Phase 1: Understanding

The agent parses your natural language input and extracts the structured information it needs: what is the task, who is involved, what are the constraints (time, format, dependencies), and which tools will be required. This is where intent recognition happens. "Move the Chen deal to negotiation and notify sales" becomes two distinct operations: a CRM update and a notification dispatch.

Phase 2: Planning

The agent generates a structured plan, typically as a JSON array of steps. Each step specifies the tool to call, the arguments to pass, and the expected output. The plan is not freeform text. It is a machine-readable execution blueprint that the runtime can validate before any tool is called.

  {
    "plan": [
      {
        "step": 1,
        "tool": "crm.updateDeal",
        "args": { "dealId": "chen-0042", "stage": "negotiation" },
        "expect": "confirmation"
      },
      {
        "step": 2,
        "tool": "notifications.send",
        "args": { "channel": "sales", "message": "Chen deal moved to negotiation" },
        "expect": "delivered"
      }
    ]
  }

Phase 3: Executing

The runtime walks through the plan and calls each tool in sequence. After each call, the result is fed back to the agent. If a step fails, the agent can retry, adjust the plan, or skip to the next step with a note about what went wrong. This observe-act loop is what separates agents from simple API scripts: the agent can adapt mid-execution.

Phase 4: Complete

Once all steps are done, the agent compiles a summary of what it accomplished. This summary typically includes which actions succeeded, which failed, and any data that was created or modified. The user sees a clear accounting of what the agent did, not a wall of raw API responses.

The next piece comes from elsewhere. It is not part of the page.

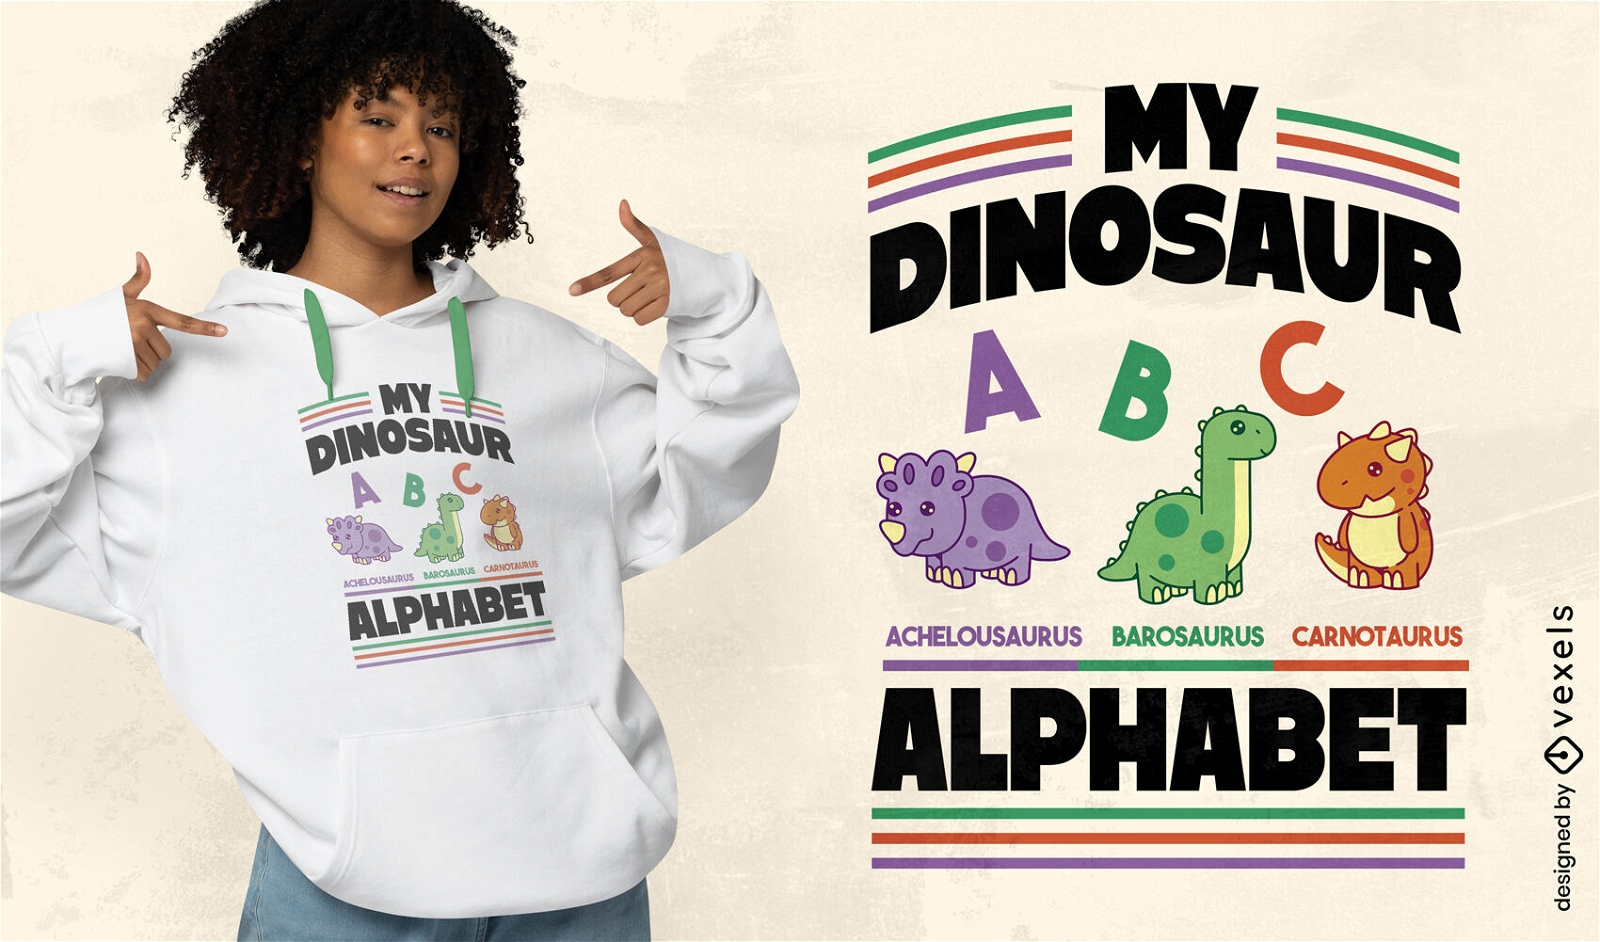 Dinosaurier-ABC-Alphabet-T-Shirt-Design
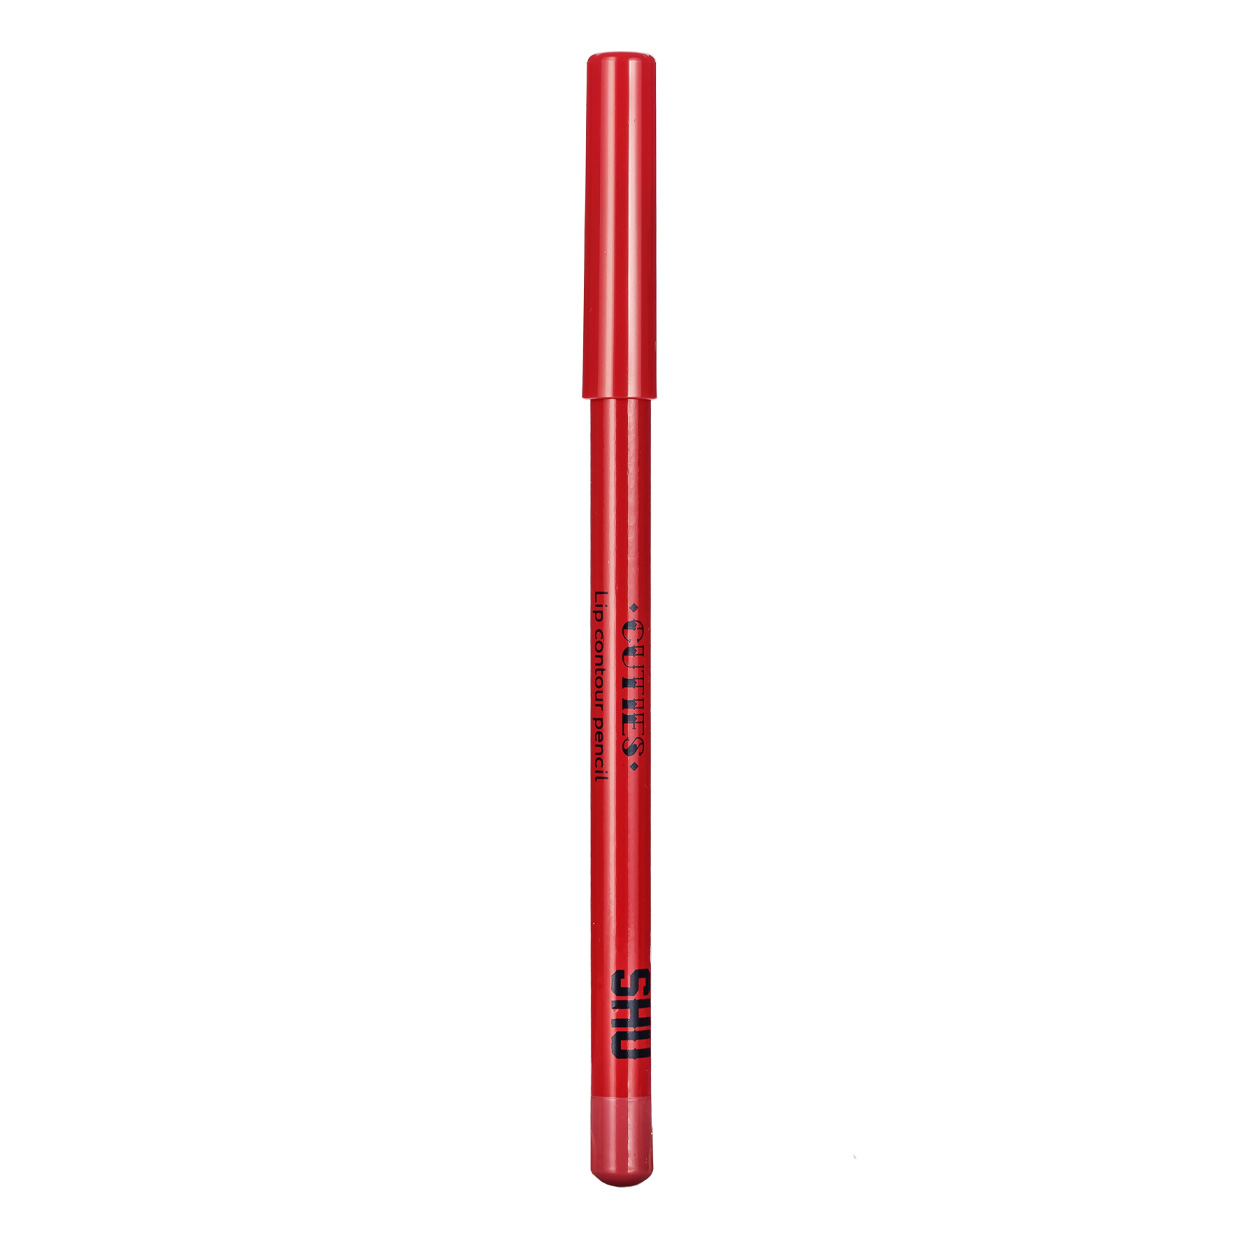 Карандаш для губ SHU Cuties контурный, сатиновый, тон 41 Летний розовый, 0,78 г карандаш для губ shu cuties контурный сатиновый тон 52 базовый нюдовый 0 78 г

Understanding Planning Executing Complete

How Tool Calling Works

Tool calling is the mechanism that gives agents their agency. Without it, an LLM can only produce text. With it, the LLM can interact with databases, APIs, file systems, and any service that exposes a callable interface.

The process works like this: the agent runtime provides a list of available tools, each defined by a name, description, and input schema. When the agent decides to use a tool, it outputs a structured JSON object (not prose) specifying which tool to call and what arguments to pass. The runtime validates the call, executes it, and returns the result to the agent.

  Agent receives: "Check my calendar for Tuesday"
       |
       v
  Agent outputs tool call:
  { "tool": "calendar.getEvents", "args": { "date": "2026-04-14" } }
       |
       v
  Runtime executes: GET /calendar/events?date=2026-04-14
       |
       v
  Runtime returns result to agent:
  { "events": [{ "time": "10:00", "title": "Team standup" }, ...] }
       |
       v
  Agent processes result and decides next action

The key insight is that tool calls are sequential and observable. Each call produces a result that the agent can inspect before deciding what to do next. This is fundamentally different from a pre-programmed script, which executes a fixed sequence regardless of intermediate results. OpenAI's function calling documentation describes this as "letting the model intelligently choose to output a JSON object containing arguments to call one or many functions," and this pattern has become the standard across all major LLM providers.


Structured Output: Why JSON, Not Prose

Agents produce structured output at every stage. The plan is JSON. Tool calls are JSON. Step results are JSON. The final summary may be natural language, but every intermediate step is machine-readable.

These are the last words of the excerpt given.